The specification relates to detecting overlapping communities in weighted graphs.
Community detection is a well-studied paradigm and is used in a variety of domains, such as physics, biology, computer science, social networks analysis, etc. to find novel and useful collection of entities that go together. One way to form communities is by amassing entities such as tags or keywords in collaborative tagging systems, products in retail systems, people in social networking systems, or genes in biological systems.
There are two main problems in community detection. First, the data used to associate entities with other entities might be noisy as in some cases these associations might just be random while in other cases these might be significant.

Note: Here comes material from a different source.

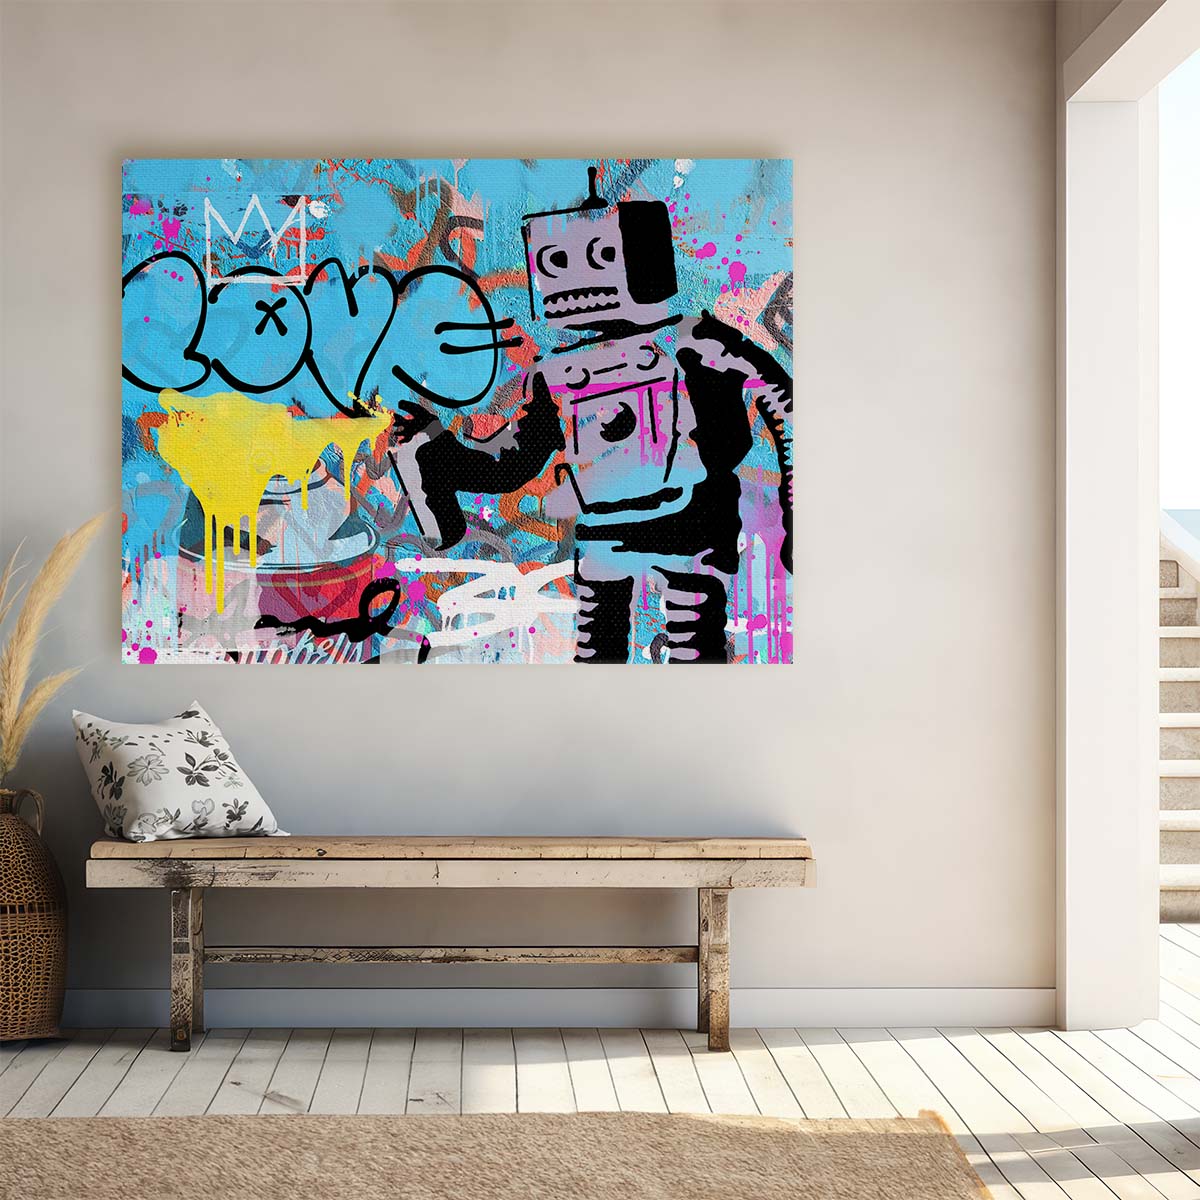 Banksy Love Robot Graffiti Wall Art by Luxuriance Designs. Made in USA.

This degree of association between pairs of entities might be quantified by a weight between them. Therefore detecting communities in weighted graphs is a more important problem than in unweighted graphs. The second problem is that the communities themselves might be overlapping because an entity might be associated with more than one community. For example, a product like a wrist watch might go with both electronic products as well as jewelry products. Similarly, an ambiguous keyword like “bank” might mean a financial institution or a bank of a river. Therefore the community detection paradigm must deal with overlapping communities in weighted graphs.
Previous attempts to create graphs include generating an unweighted graph either directly or by thresholding a weighted graph, detecting communities, and then removing the noise from the communities. Thresholding, however, leads to a significant loss of information and makes the final communities detected very sensitive to the threshold used to convert the weighted graph into unweighted graph. In addition, removing the noise from the communities after they have been detected results in poorly defined communities because important tags may get improperly removed.